2. Annotating Tasks with Resource Profiles
@broker.task
@pipeline_task(
output="light_result",
resources=TaskResourceProfile(
estimated_memory_mb=50,
estimated_cpu_cores=0.2,
io_bound=True,
),
)
async def light_task(item: int) -> dict:
await asyncio.sleep(0.1) # Simulate I/O
return {"item": item, "result": item * 2}
@broker.task
@pipeline_task(
output="heavy_result",
resources=TaskResourceProfile(
estimated_memory_mb=200,
estimated_cpu_cores=1.0,
io_bound=False,
),
)
async def heavy_task(item: int) -> dict:
total = 0
for _ in range(100000):
total += item * 2
return {"item": item, "result": total}
ResourceProfile fields:
estimated_memory_mb: Expected memory usage per task instanceestimated_cpu_cores: CPU cores required (0.5 = half a core)io_bound: True for I/O-heavy tasks (network, disk), False for CPU-heavy
3. Using Resource Profiles in Pipelines
The DataflowPipeline’s max_parallel parameter acts as an upper bound. The ResourceAwareExecutor can be used to compute a dynamic max_parallel before launching:
# Compute optimal parallelism for current system state
current_parallel = executor.get_optimal_parallelism(
task_memory_estimate=50,
task_cpu_estimate=0.2,
)
pipeline = DataflowPipeline(broker, max_parallel=current_parallel)

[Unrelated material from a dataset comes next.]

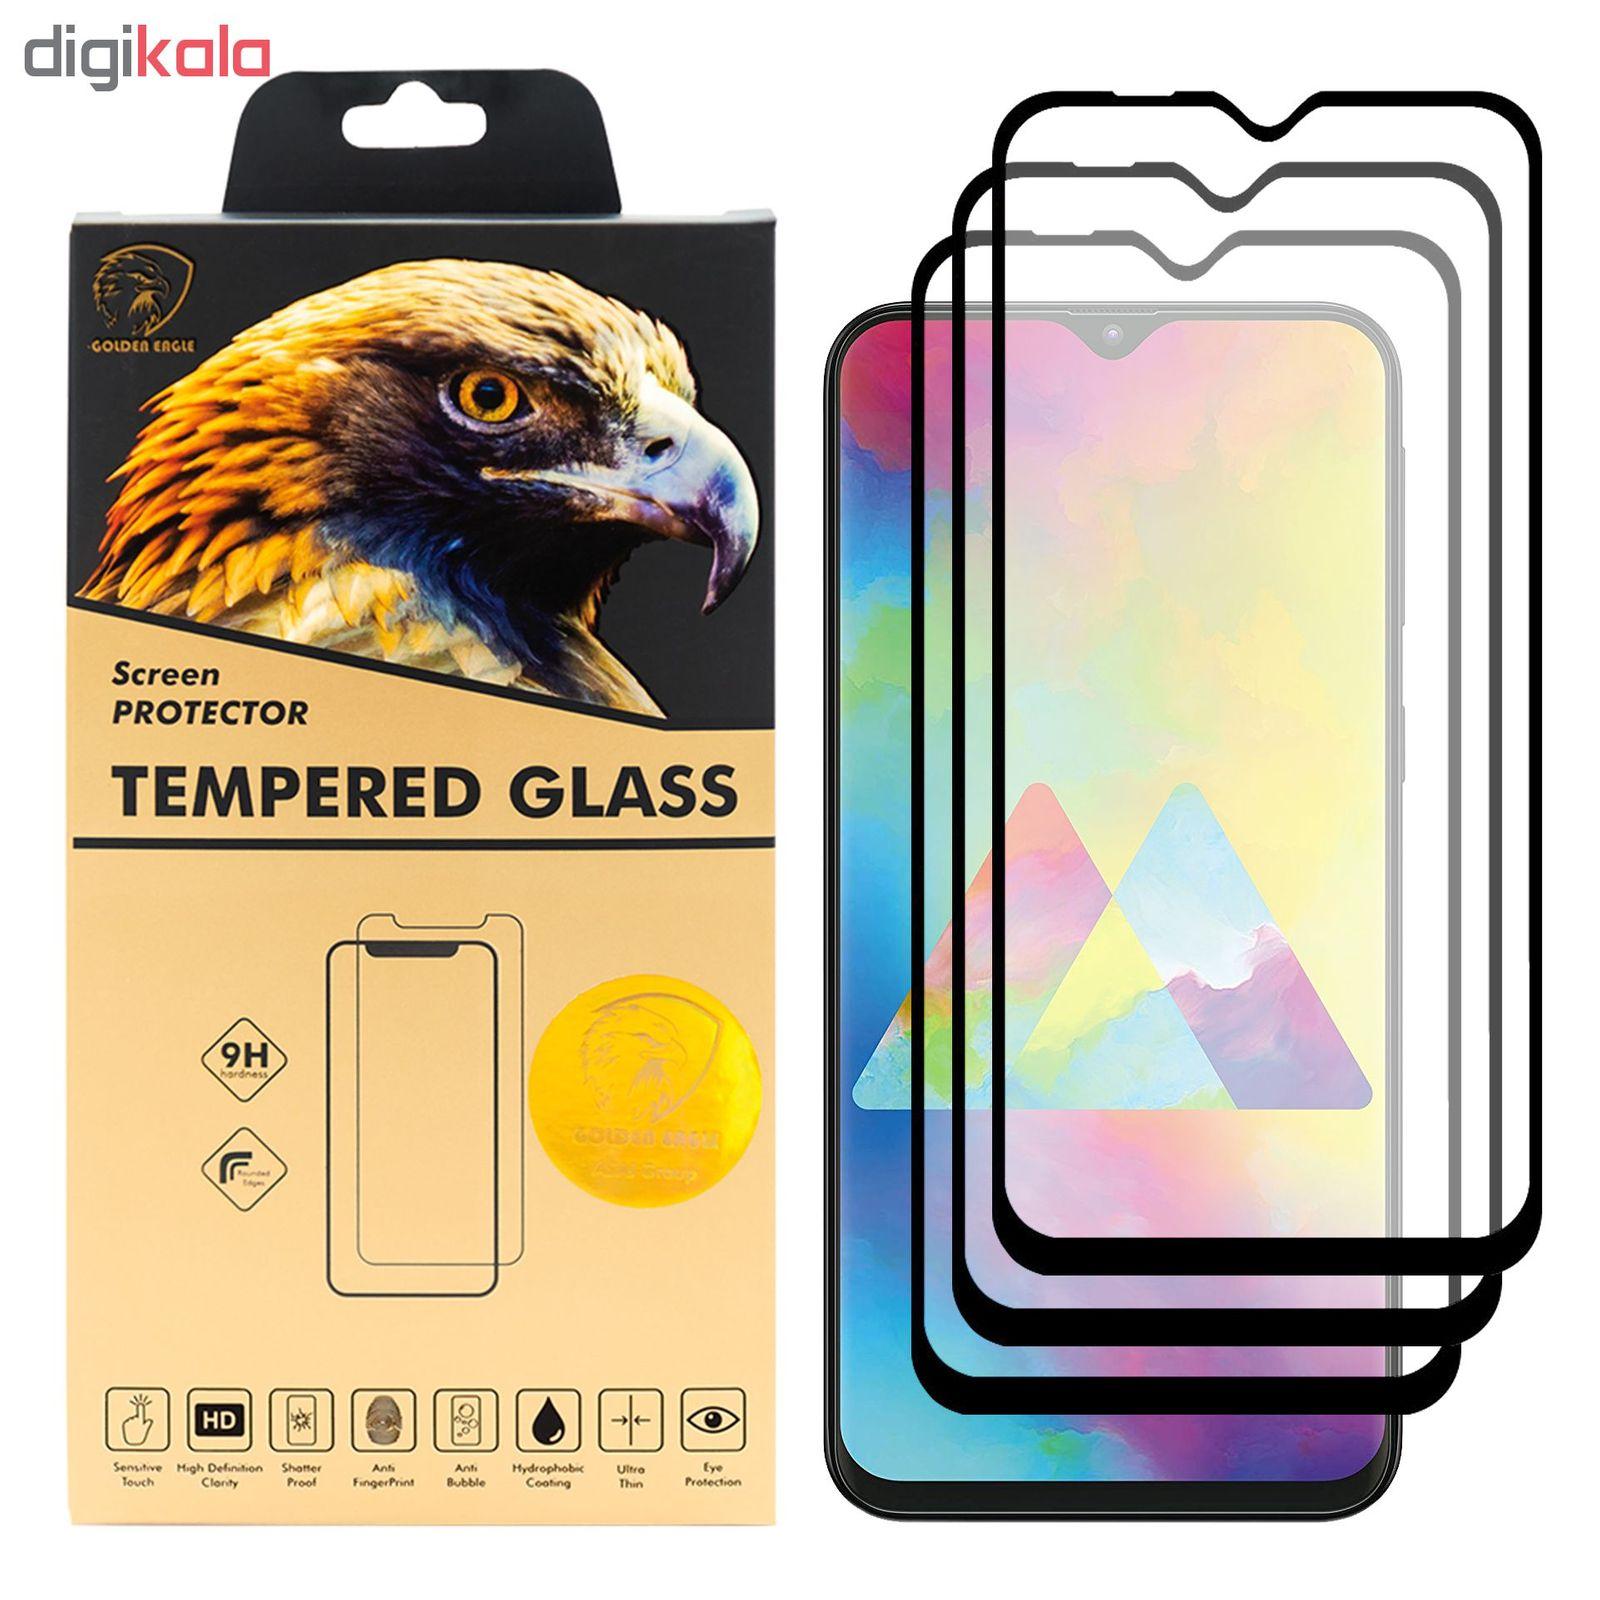 محافظ صفحه نمایش گلدن ایگل مدل DFC-X3 مناسب برای گوشی موبایل سامسونگ Galaxy M20 بسته سه عددی main 1 1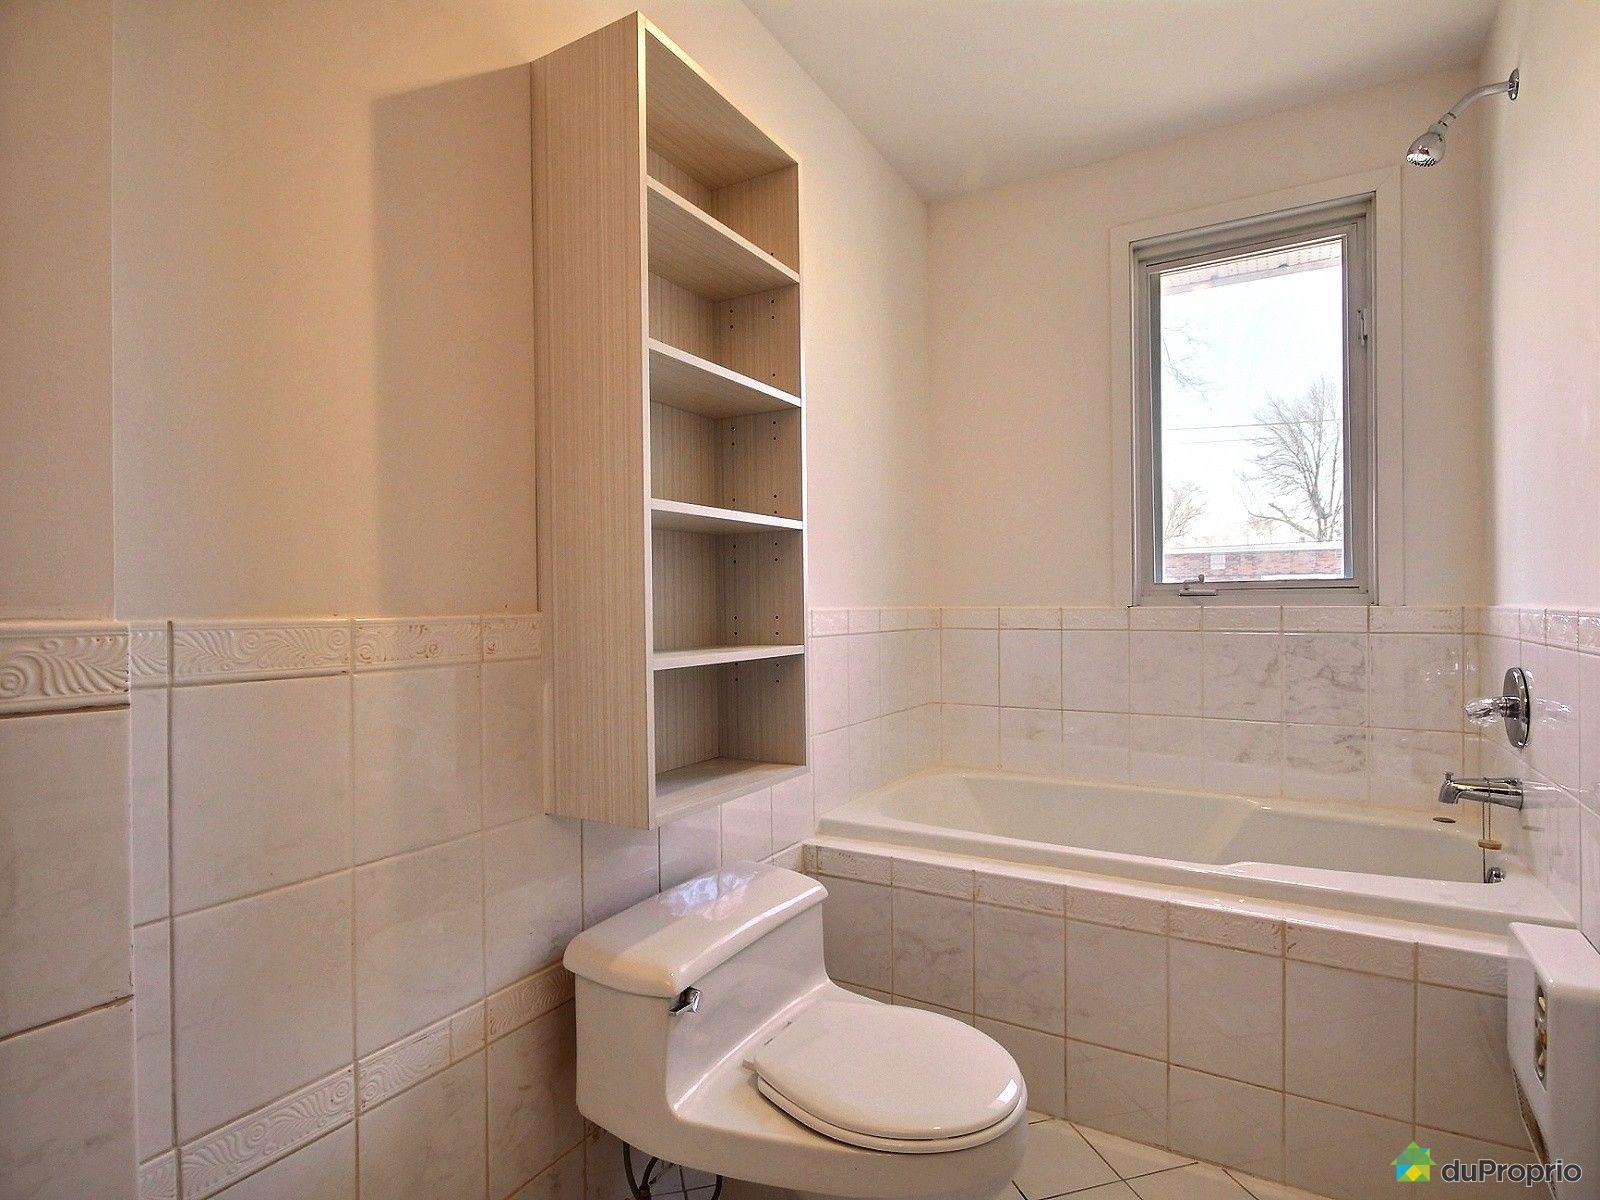 Jumel vendu montr al immobilier qu bec duproprio 484594 for Salle de bain xavier laurent

pipeline.map(light_task, items=list(range(20)), output="light_results")
results = await pipeline.kiq_dataflow()
For mixed workloads, sum resource usage across parallel tasks.
4. Manual Parallelism Tuning Guidelines
import psutil
cpu_count = psutil.cpu_count() or 4
memory_gb = psutil.virtual_memory().total / (1024 ** 3)
# I/O-bound tasks: can oversubscribe CPU (they spend time waiting)
io_parallel = min(50, cpu_count * 5)
# CPU-bound tasks: limit to available cores ± a small buffer
cpu_parallel = min(cpu_count + 2, 20)
print(f"Recommended max_parallel for I/O-bound: {io_parallel}")
print(f"Recommended max_parallel for CPU-bound: {cpu_parallel}")
Start conservative, benchmark, and adjust.
Expected Output
=== Resource-Aware Parallelism Demo ===
Current system state:
CPU Usage: ? (will query at runtime)
Memory: ? (will query at runtime)
--- Light tasks (I/O bound) ---
Optimal parallelism for light tasks: 25
--- Heavy tasks (CPU bound) ---
Optimal parallelism for heavy tasks: 4
Note: Actual values depend on current system load.
=== Pipeline with Resource-Aware Execution ===
Pipeline structure:
[items:20] --light_task--> [light_results]
[items:10] --heavy_task--> [heavy_results]
[light_results, heavy_results] --combine--> [final]
Executing pipeline...
Pipeline completed: {'light_results': [...], 'heavy_results': [...], 'final': {...}}
TaskResourceProfile allows you to annotate tasks with resource requirements.
ResourceAwareExecutor uses these profiles to compute optimal parallelism.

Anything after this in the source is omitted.